__About this exercise__. Quote the whole listing word for word. Do not include the pictures.
[[ Input data open ]]
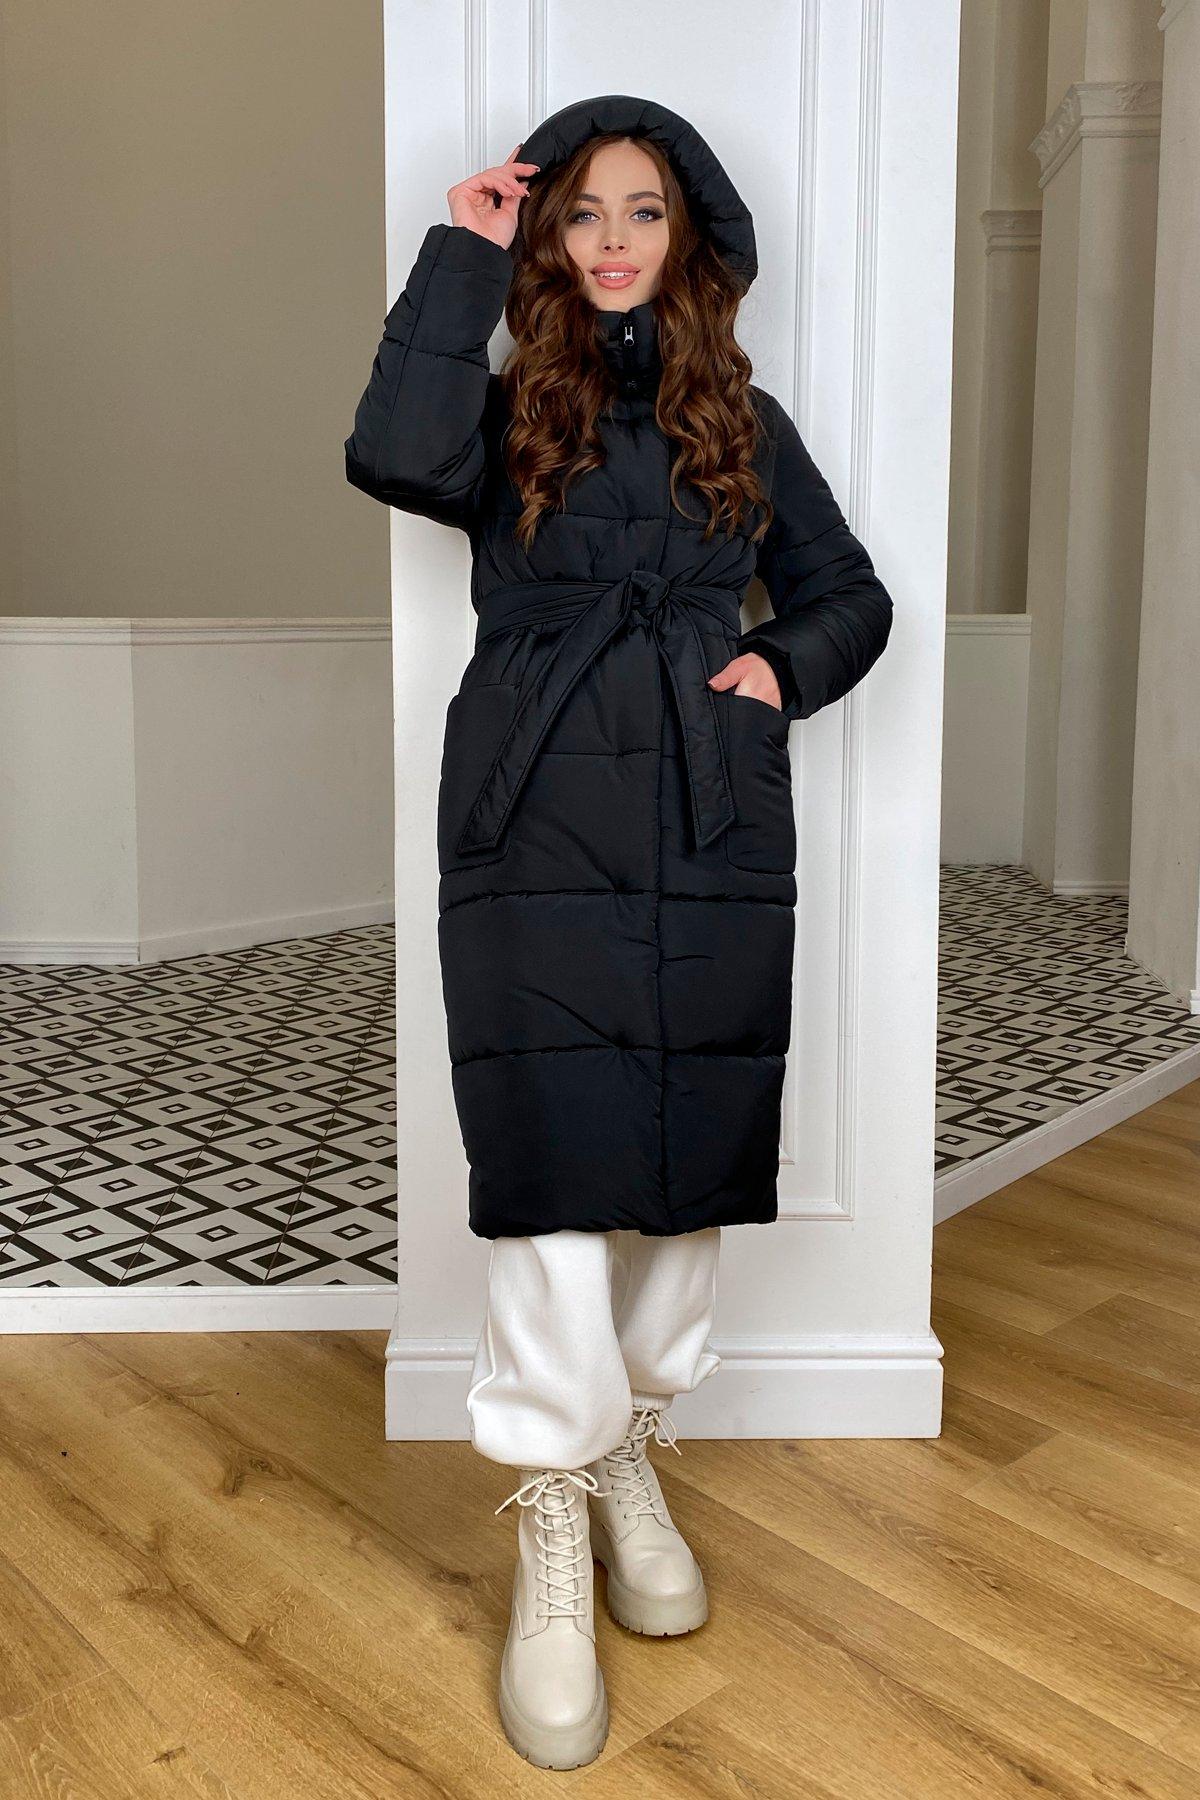 Бланка зимний пуховик из  плащевка Канада 10405 АРТ. 46711 Цвет: Черный - фото 6, интернет магазин tm-modus.ru
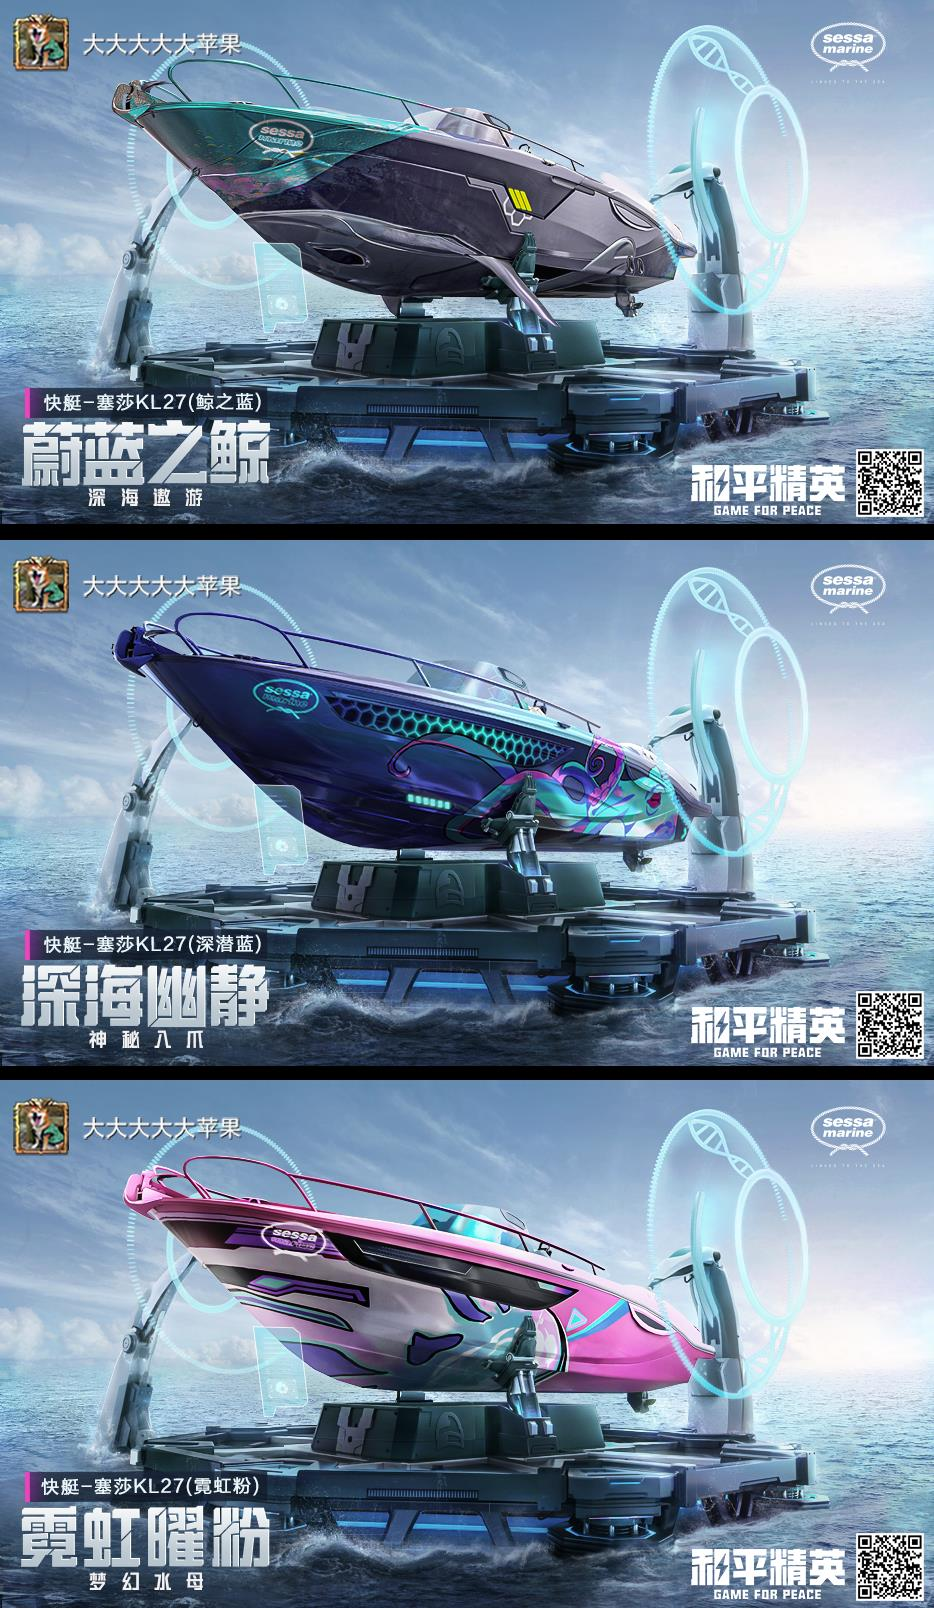 航行!向未来出发!《和平精英》x塞莎跨界合作推出首款快艇皮肤
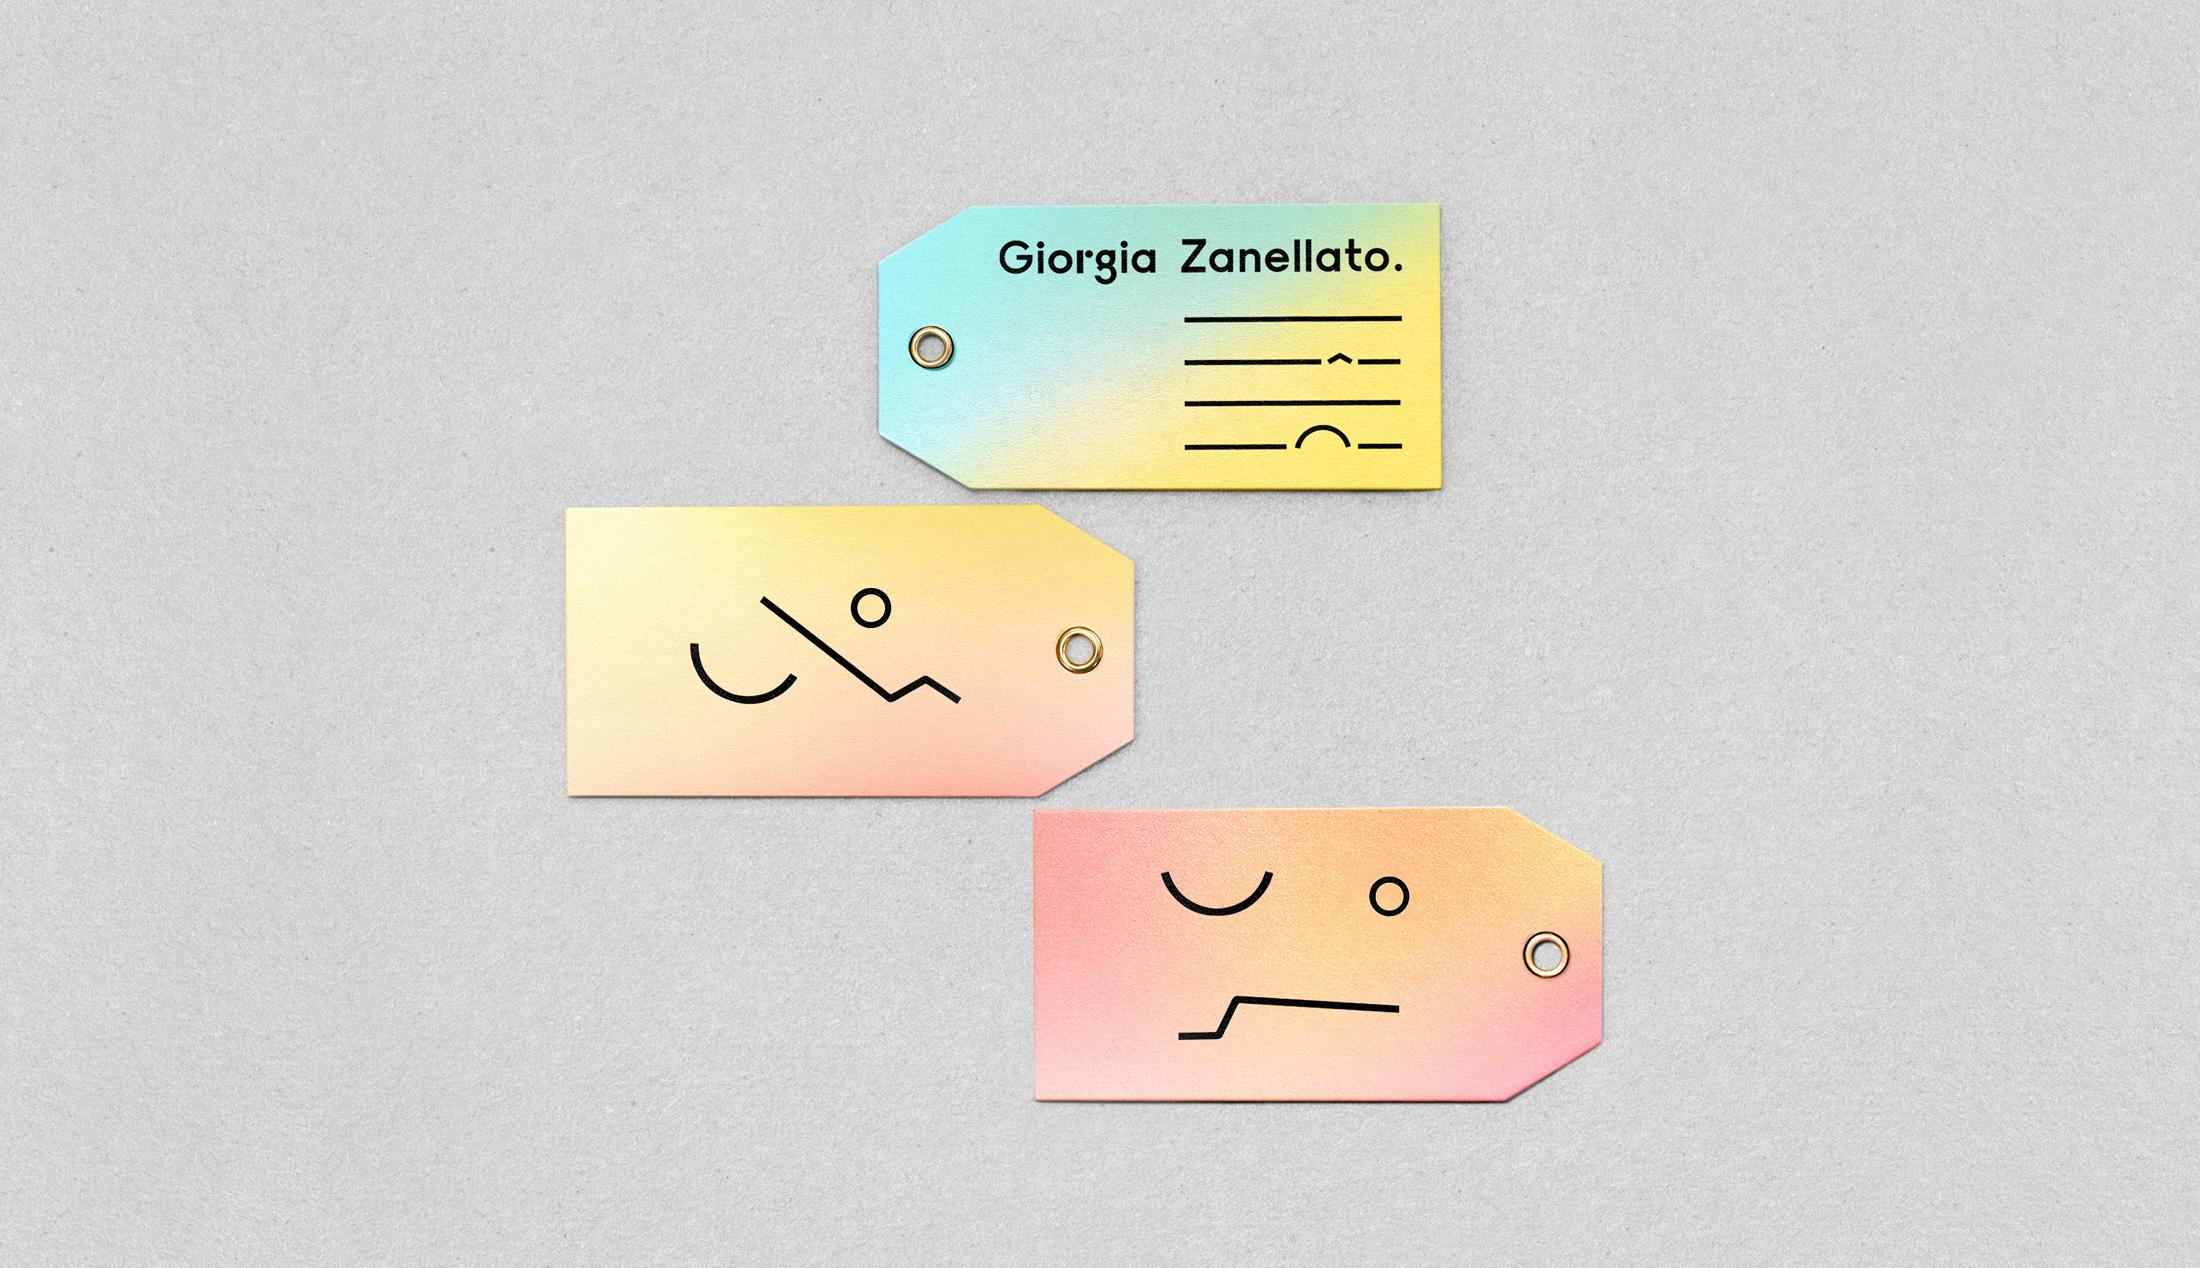 Giorgia_Zanellato_Andreia_Constantino.jpg
[[ Input data closed ]]
__Worked solution__.
 Бланка зимний пуховик из  плащевка Канада 10405 АРТ. 46711 Цвет: Черный - фото 6, интернет магазин tm-modus.ru
 航行!向未来出发!《和平精英》x塞莎跨界合作推出首款快艇皮肤
 Giorgia_Zanellato_Andreia_Constantino.jpg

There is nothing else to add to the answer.